## Exercise details
Reproduce the data below exactly as written. Pictures do not belong in the copy.

## Provided material

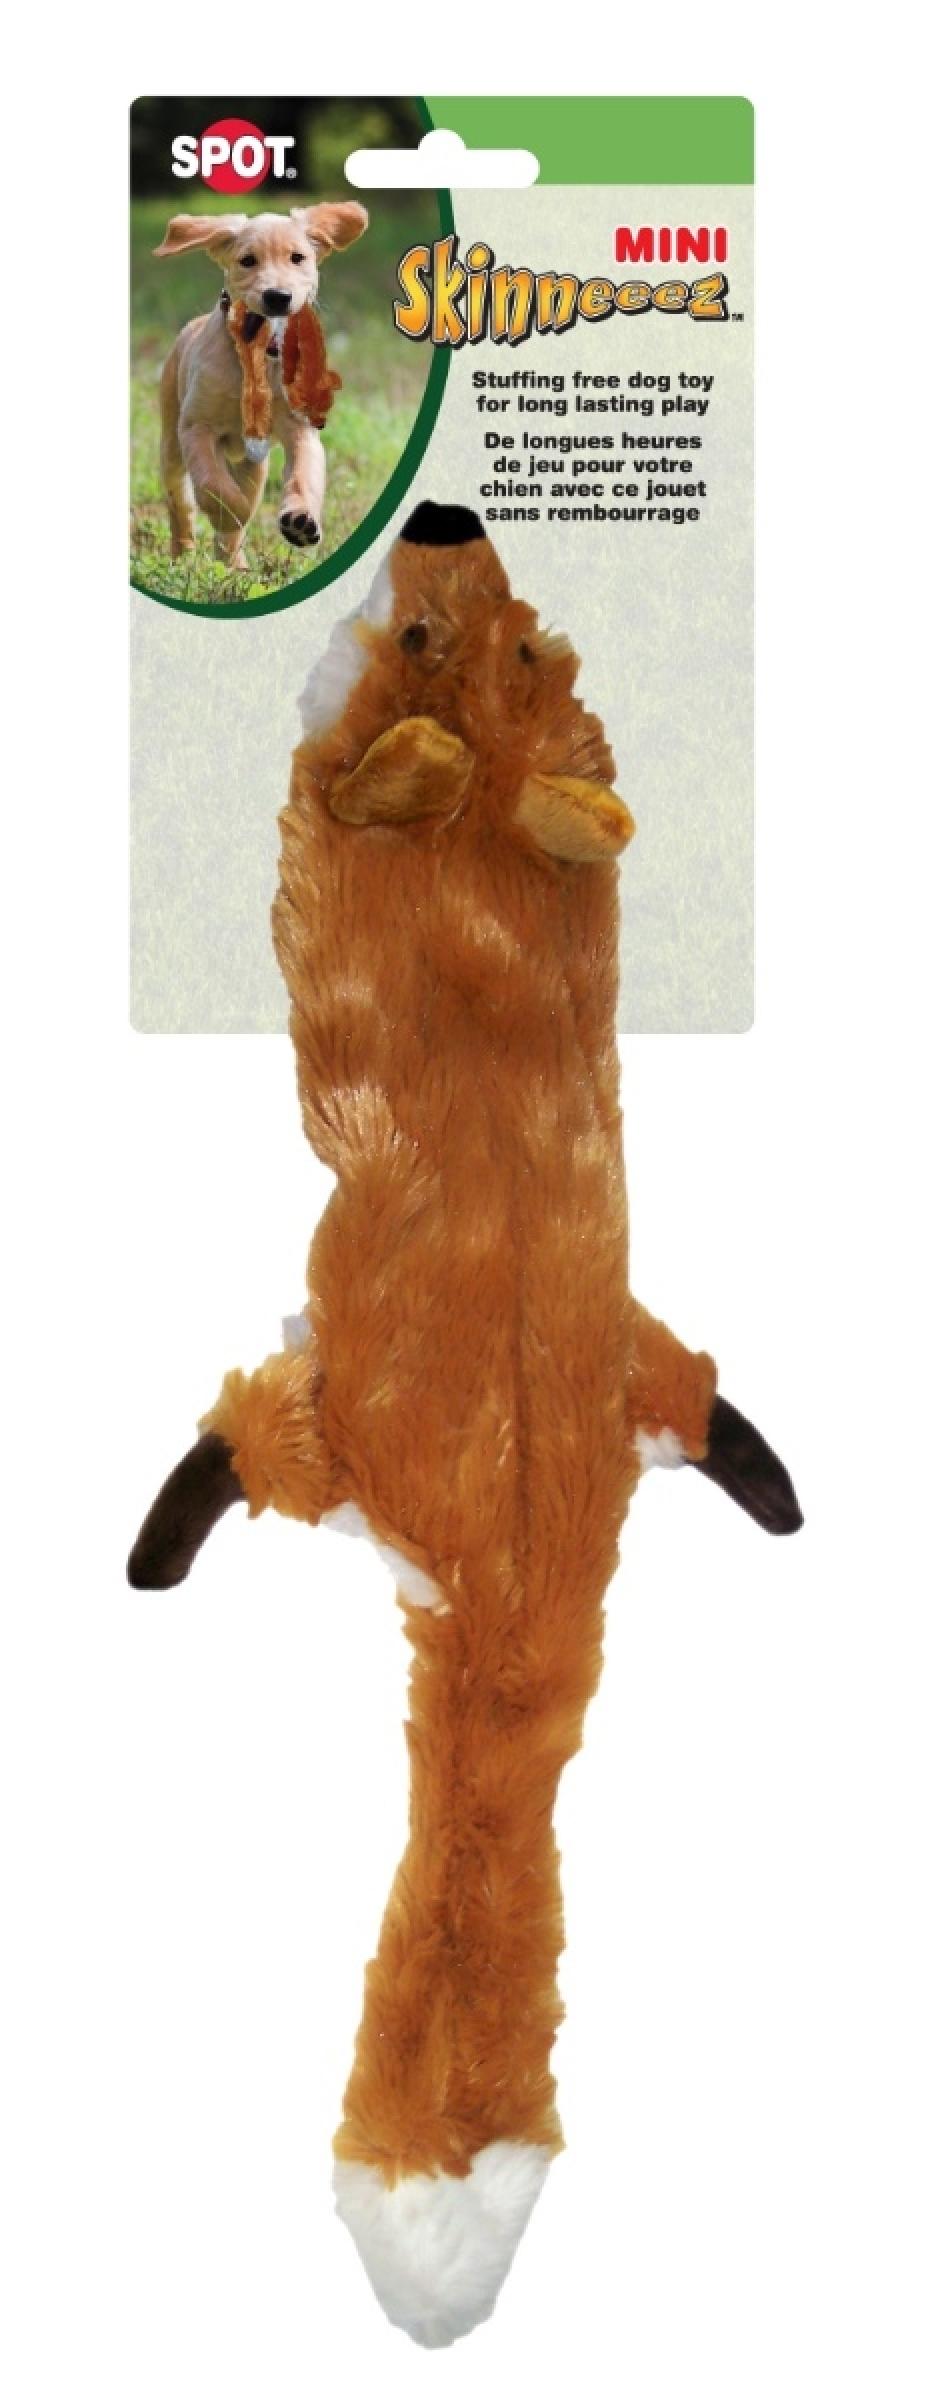 Skinneeez Fox Dog Toy
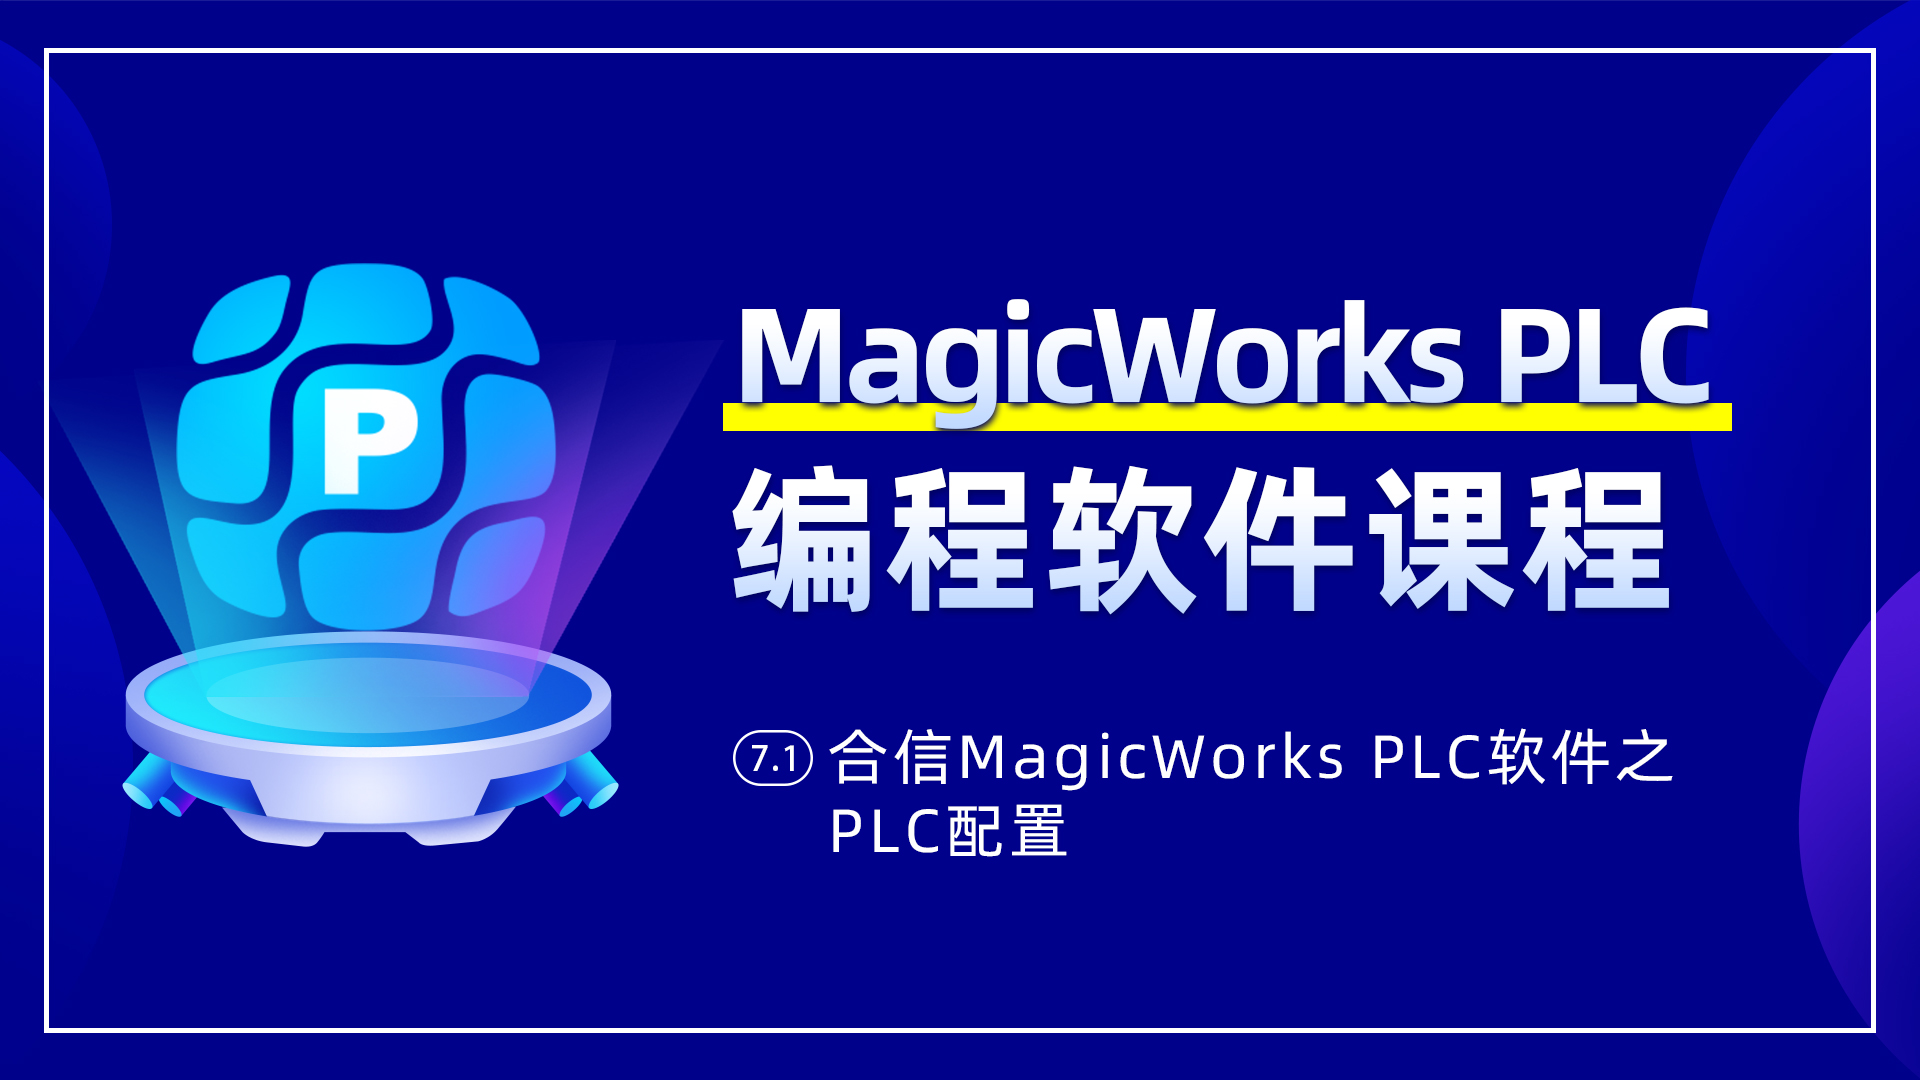 7.1、合信MagicWorks PLC軟件PLC配置之系統塊配置
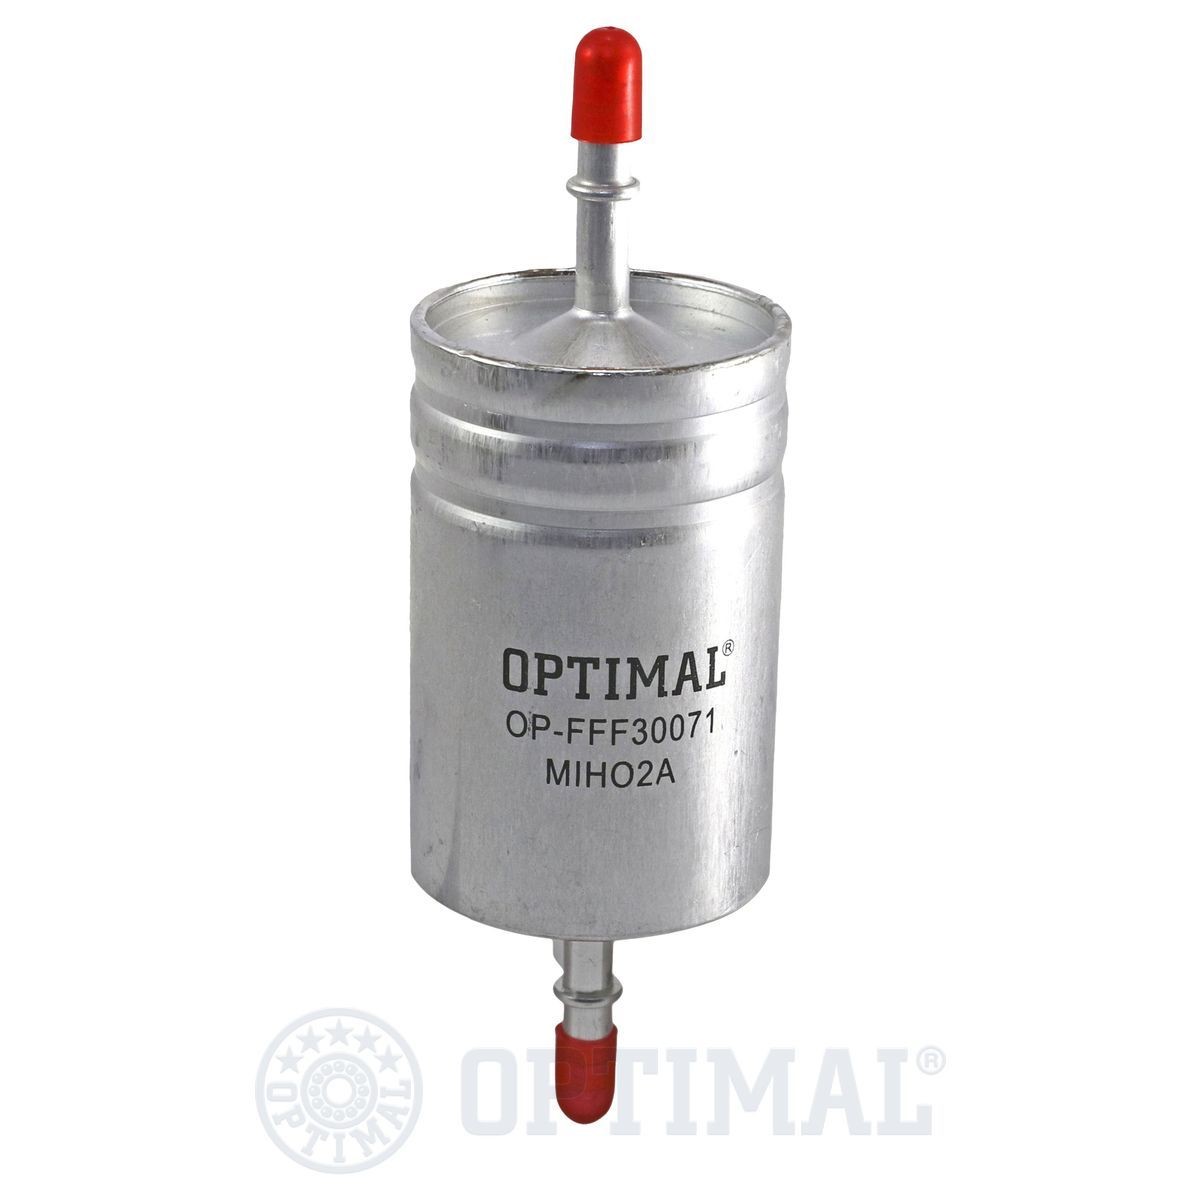 OPTIMAL OP-FFF30071 Fuel filter C2S 2768

## Written response
 Skinneeez Fox Dog Toy
 7.1、合信MagicWorks PLC軟件PLC配置之系統塊配置
 OPTIMAL OP-FFF30071 Fuel filter C2S 2768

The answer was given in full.